Copy/Paste text not displaying certain letters

I am not sure if this is an issue with DT or my mac, but when I copy text from a pdf that is opened in the DT pdf viewer and then paste it into an annotation document (or any rtf file), some letters are not translating. For example, effectively is coming out as e"ectively. Do you know of anyway to solve this? It has been going on since before the last update.

I suggest you convert the PDF to plain text and check the underlying text.

Thanks for the reply. What would I check for in the underlying text and what would I do to fix the issue for other pdfs? I don’t want to convert all of my pdfs to plain text, and this happens across many files.

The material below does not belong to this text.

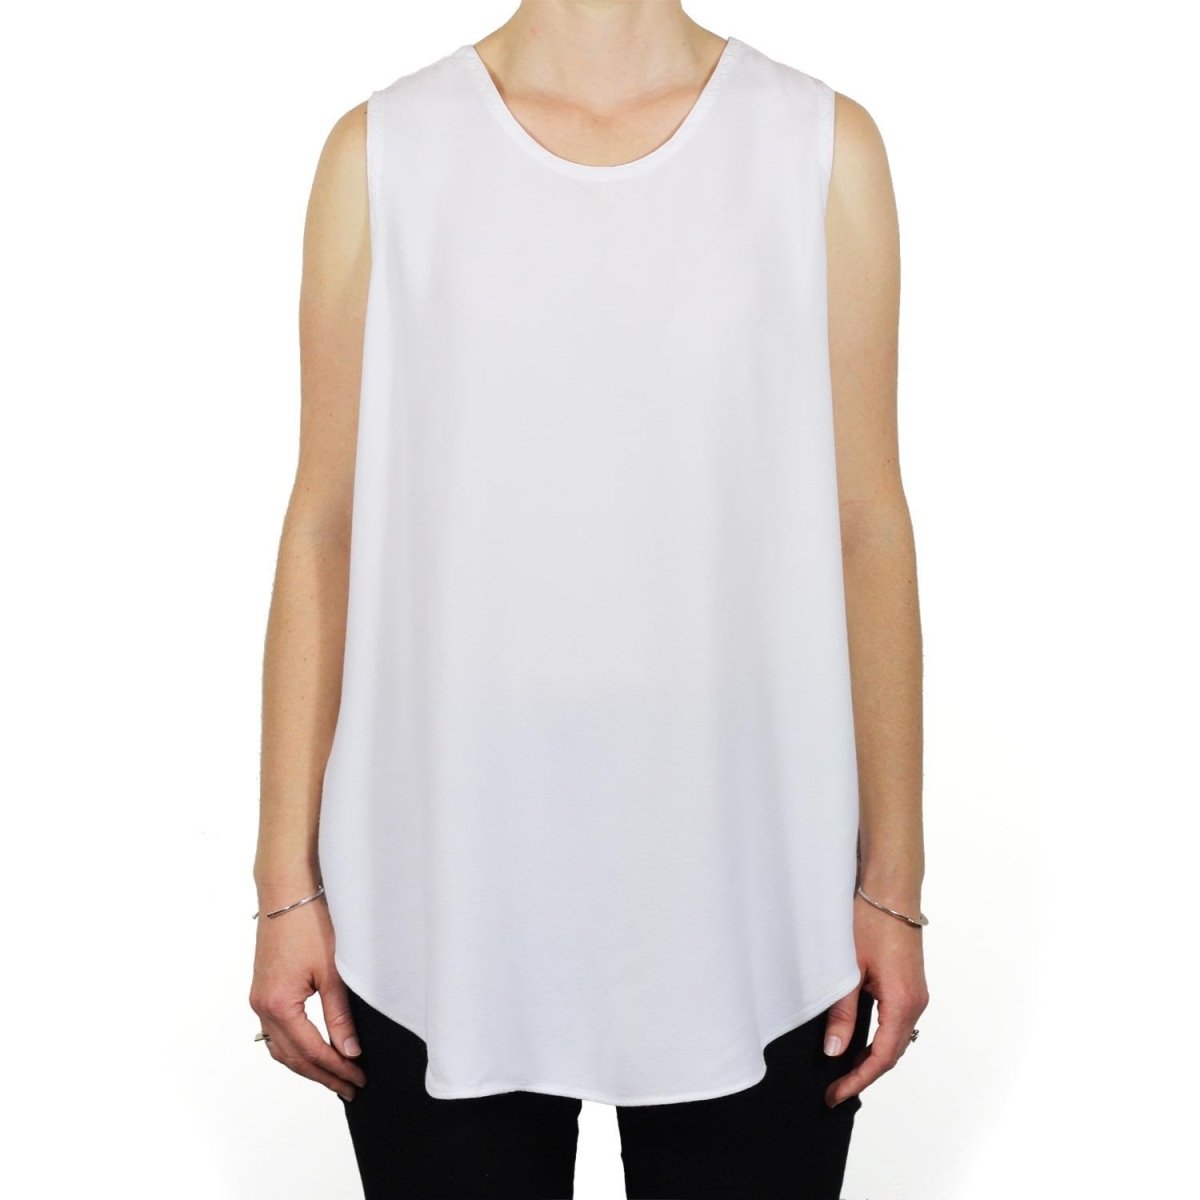 Tienda Ho Clothing Tank Top Sleeveless Shirt in White

You said it pasted e"ectively, so I’d suggest looking for that.

This script copies plain text of one selected record

-- Copy plain text 

tell application id "DNtp"
	try
		set theRecords to selected records
		if theRecords = {} or (count theRecords) > 1 then error "Please select one record."
		
		set theRecord to item 1 of theRecords
		set theText to plain text of theRecord
		set the clipboard to theText
		display notification "Copied"
		return theText
		
	on error error_message number error_number
		if the error_number is not -128 then display alert "DEVONthink" message error_message as warning
		return
	end try
end tell

It’s been a while since I read it but maybe you’ll find good info in this thread.

There is no need for a script in this situation.
Data > Convert > to Plain Text and checking the generated file is sufficient.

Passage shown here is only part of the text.